### WHAT YOU WILL DO:
It is required that the lines from the top of the listing through the line with "Украинец ужаснул рассказом" be reproduced exactly, excluding pictures.
<<<<
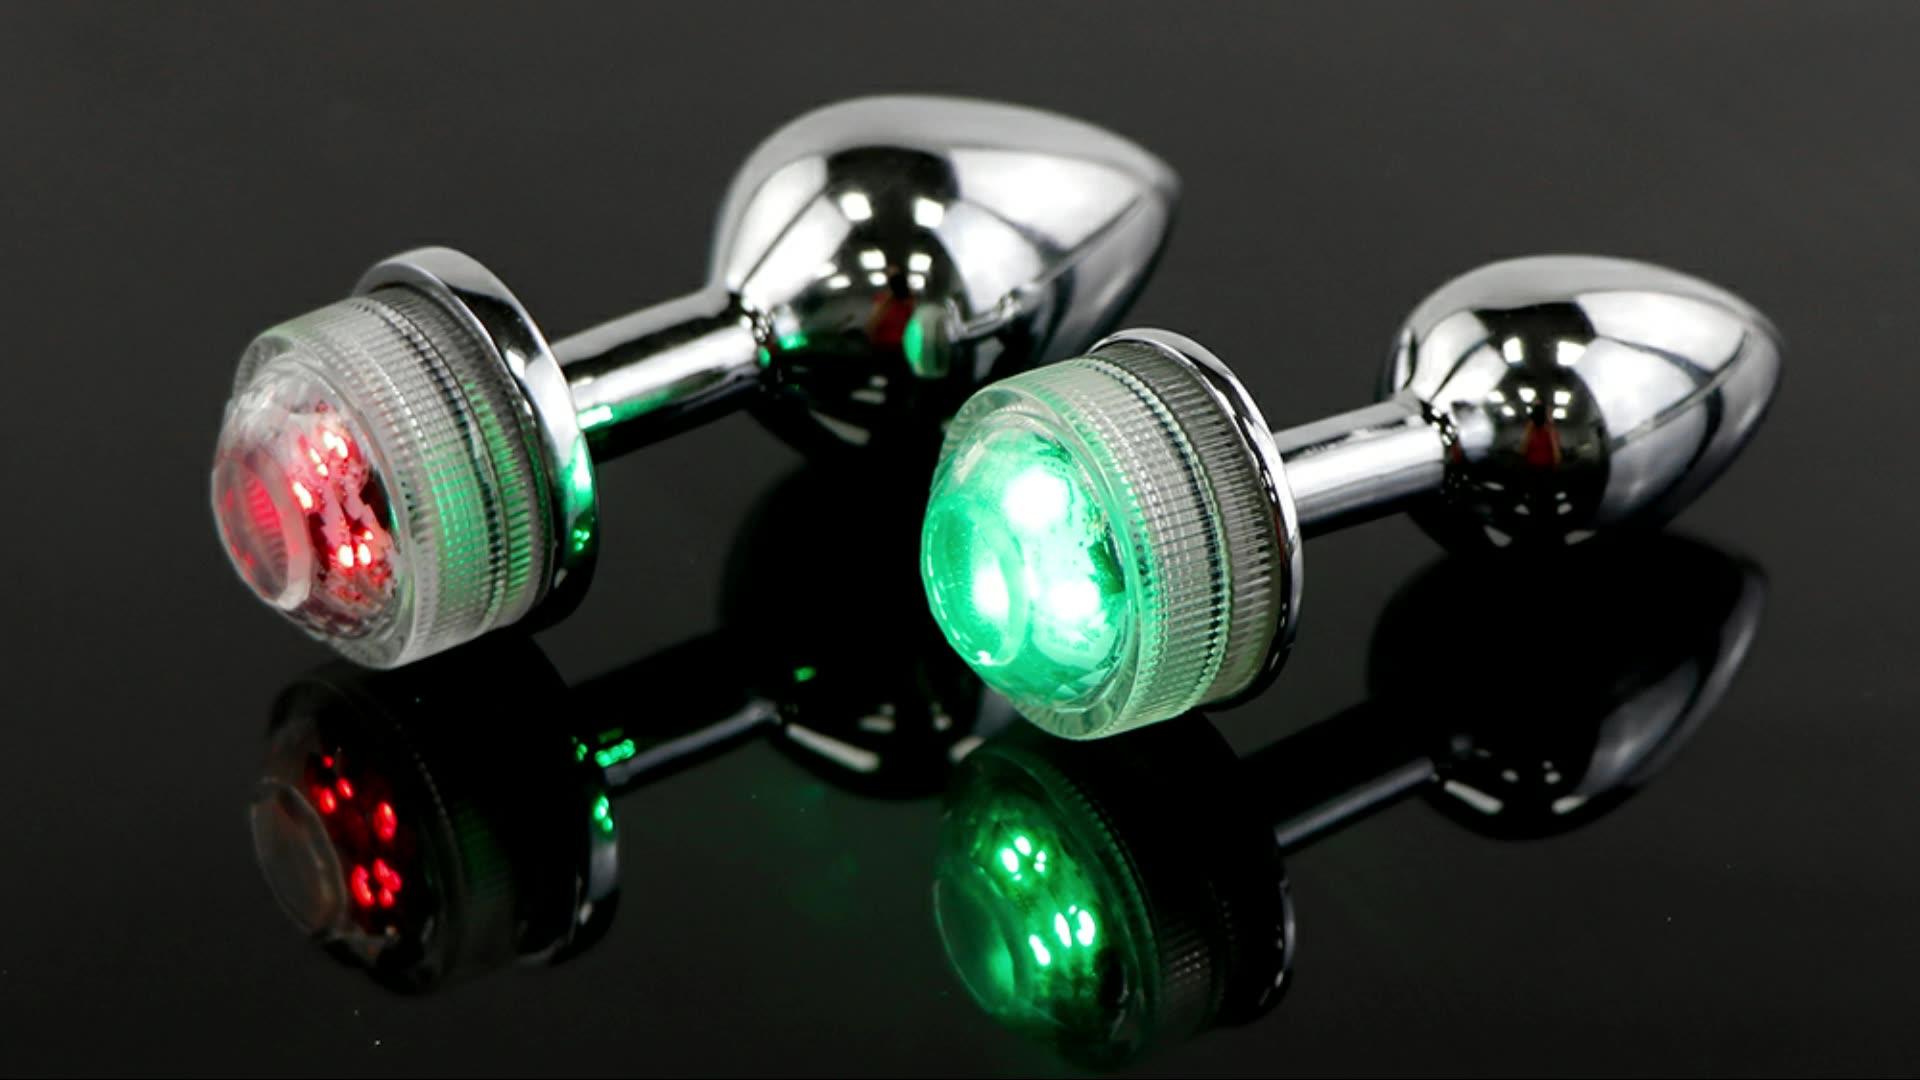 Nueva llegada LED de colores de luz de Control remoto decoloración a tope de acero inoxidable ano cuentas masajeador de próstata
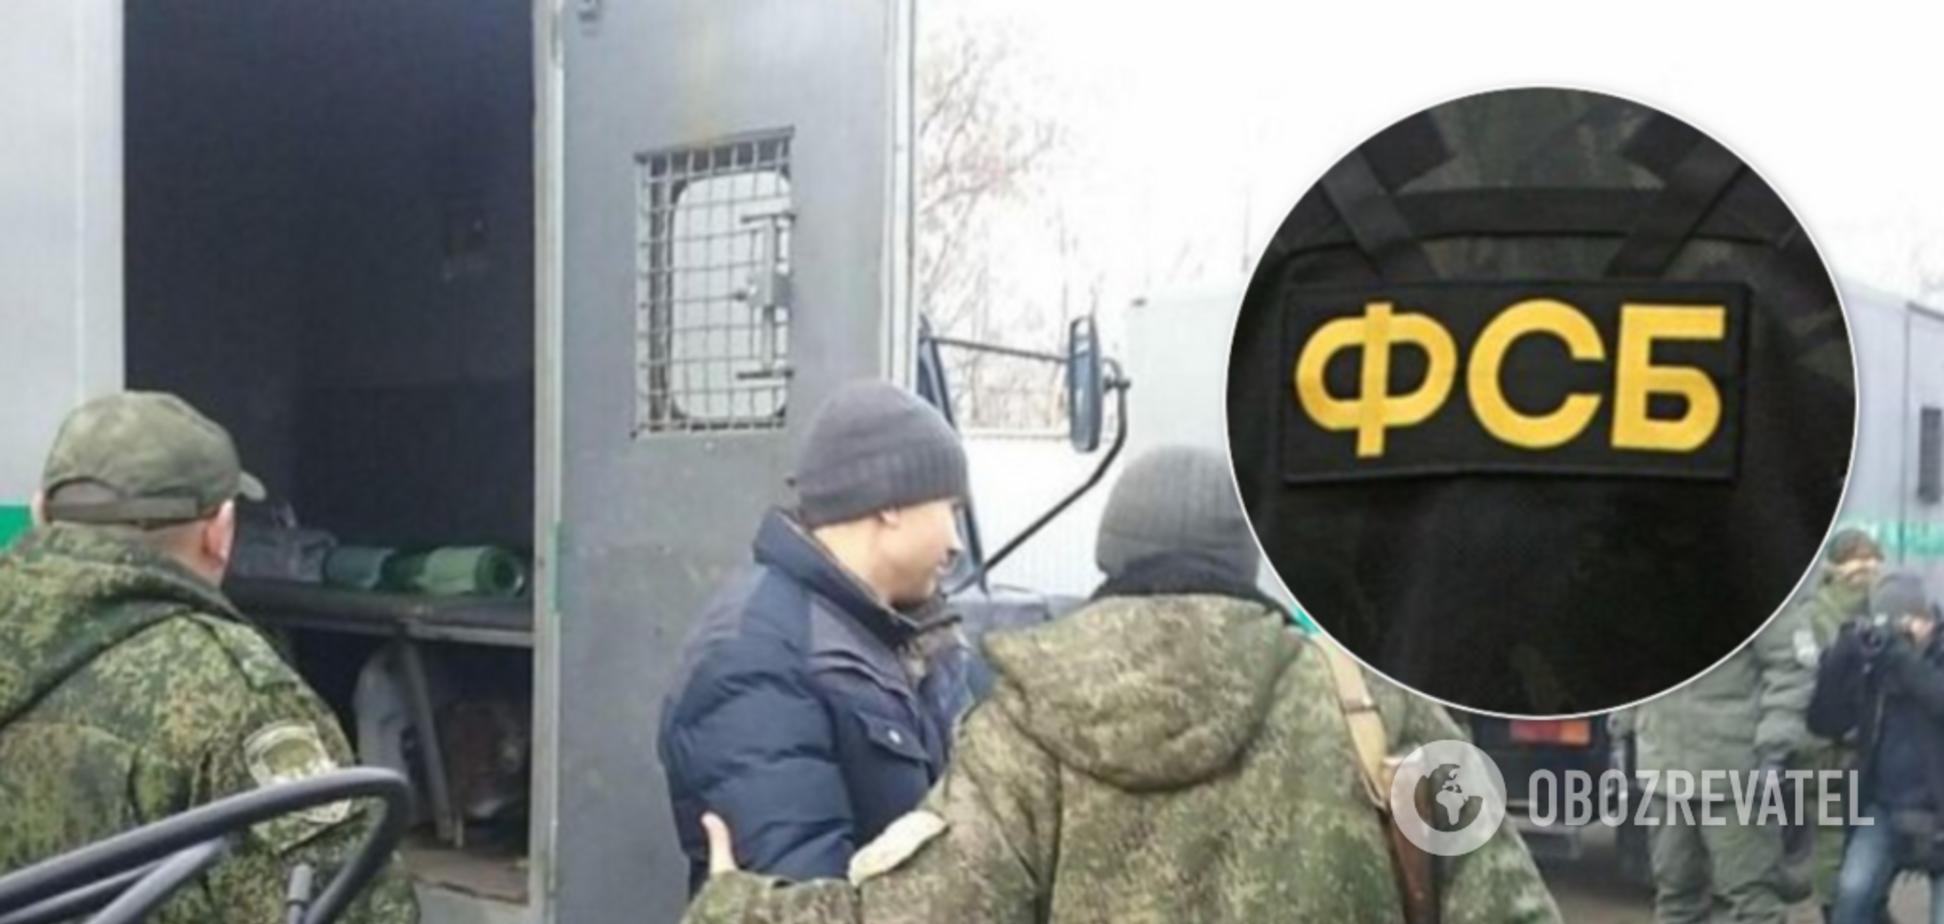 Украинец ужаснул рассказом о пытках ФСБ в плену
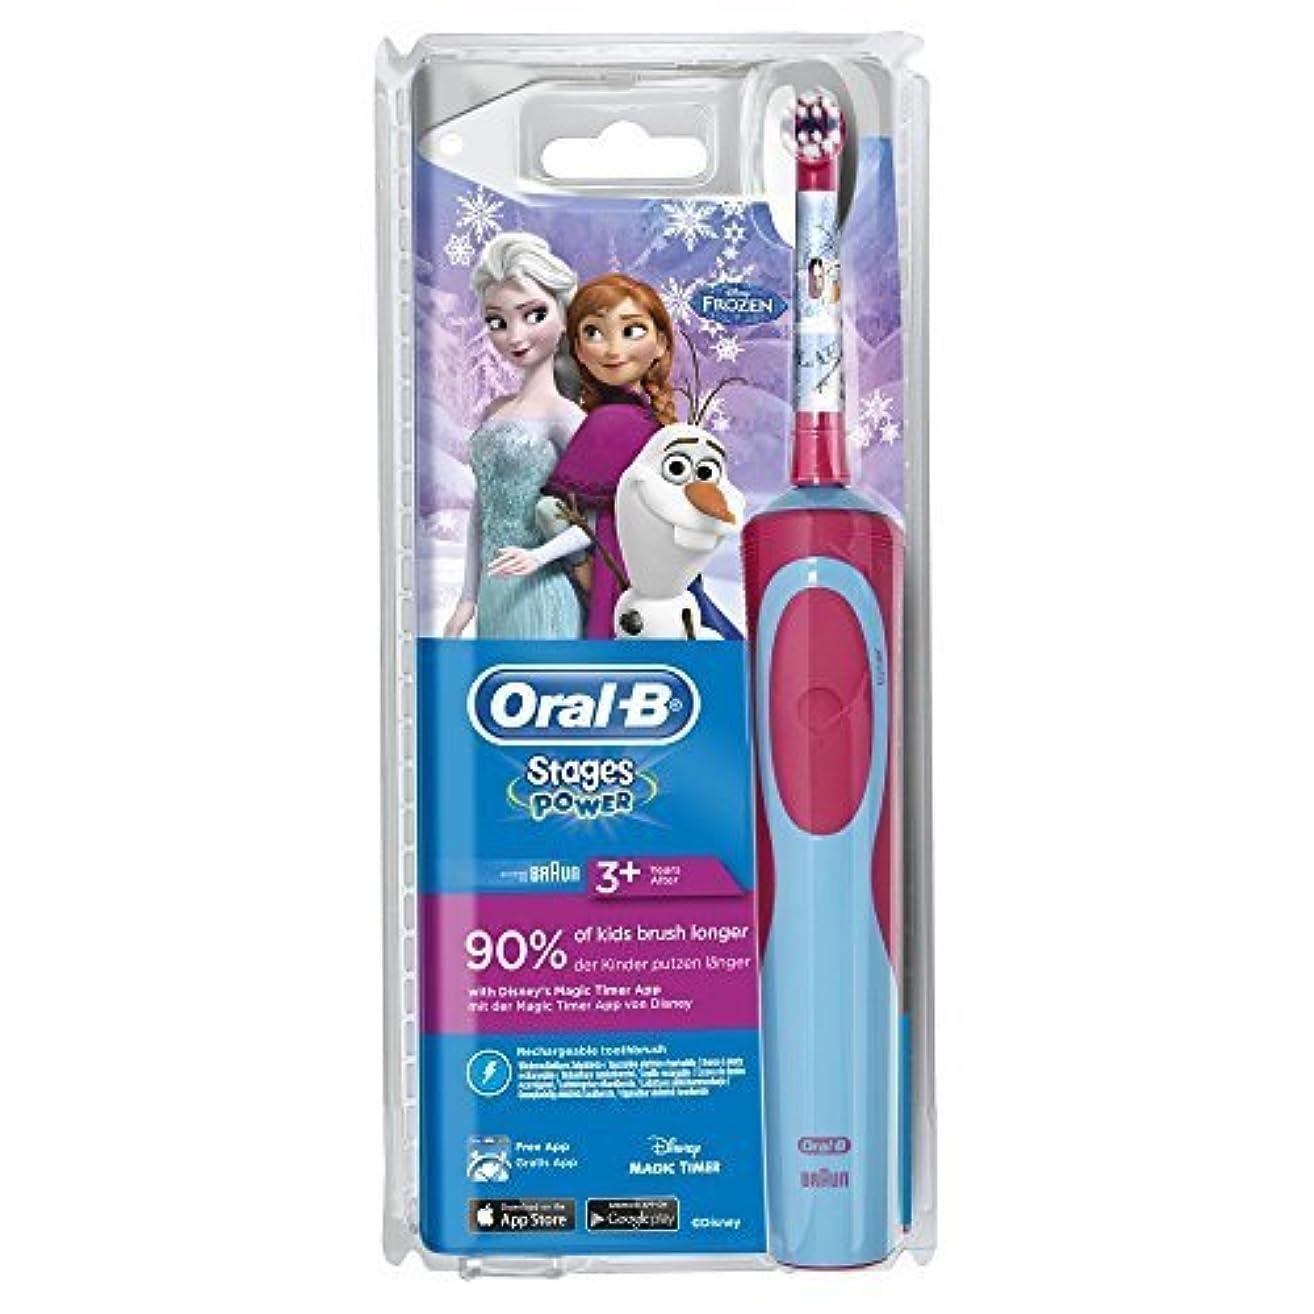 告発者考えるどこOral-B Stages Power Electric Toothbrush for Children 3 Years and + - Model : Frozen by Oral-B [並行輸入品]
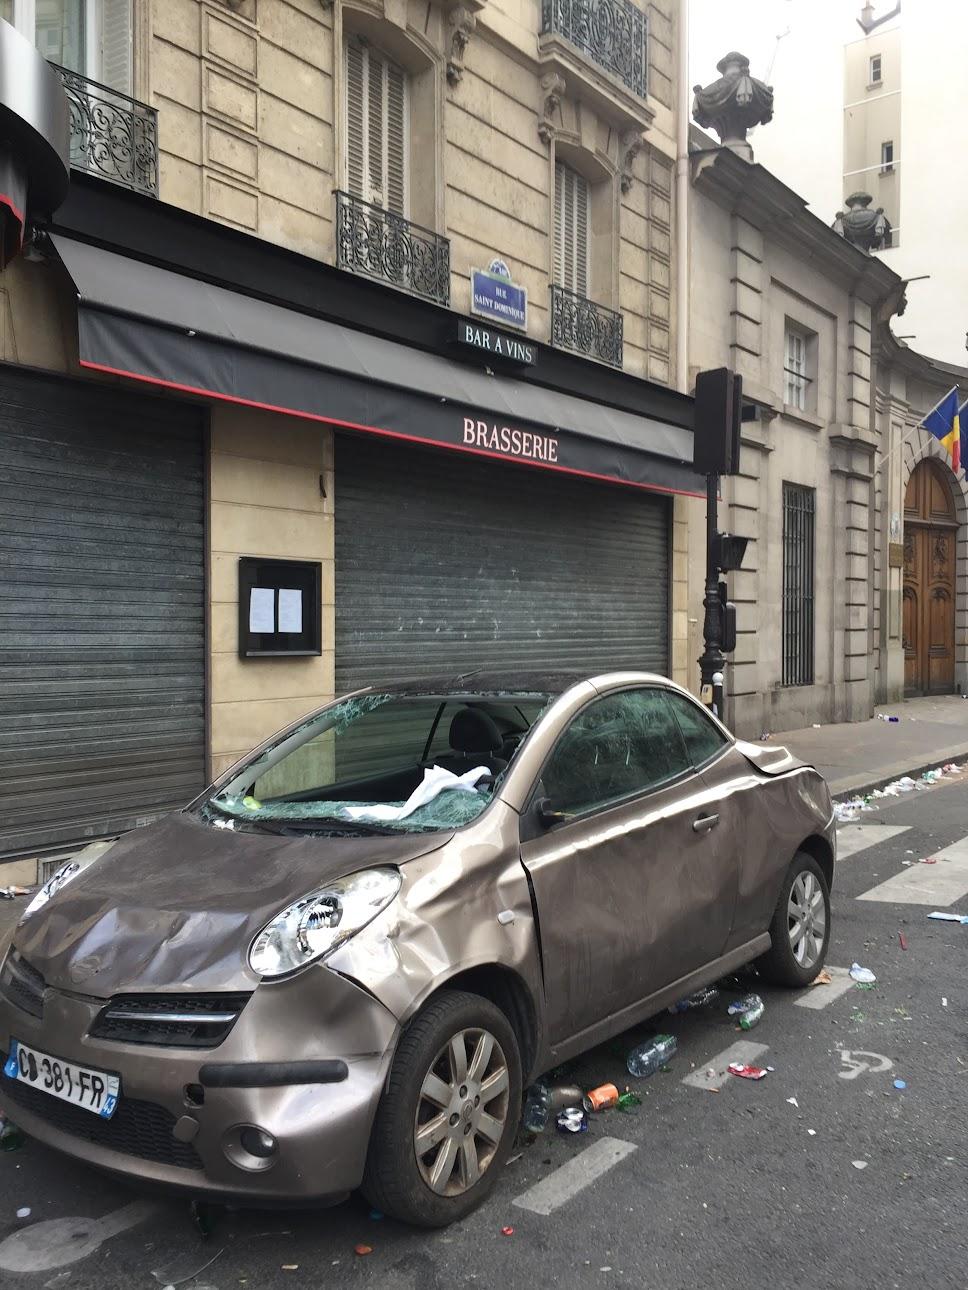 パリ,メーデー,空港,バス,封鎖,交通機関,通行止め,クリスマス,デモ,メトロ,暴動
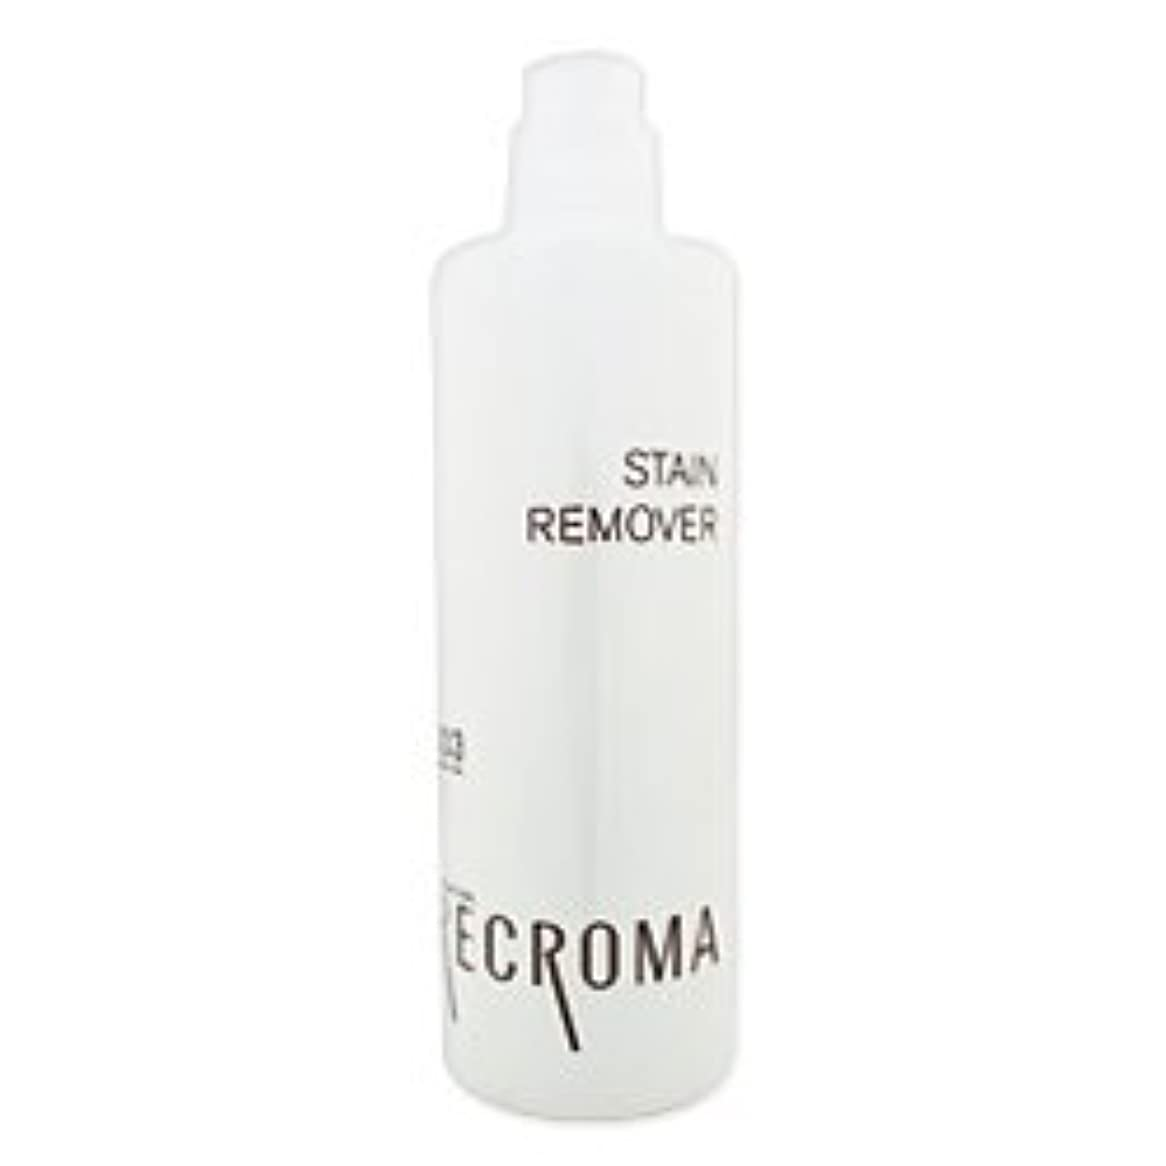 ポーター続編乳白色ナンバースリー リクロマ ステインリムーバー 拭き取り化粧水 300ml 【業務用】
>>>>
### SOLUTION TO THE EXERCISE:
 Nueva llegada LED de colores de luz de Control remoto decoloración a tope de acero inoxidable ano cuentas masajeador de próstata
 Украинец ужаснул рассказом о пытках ФСБ в плену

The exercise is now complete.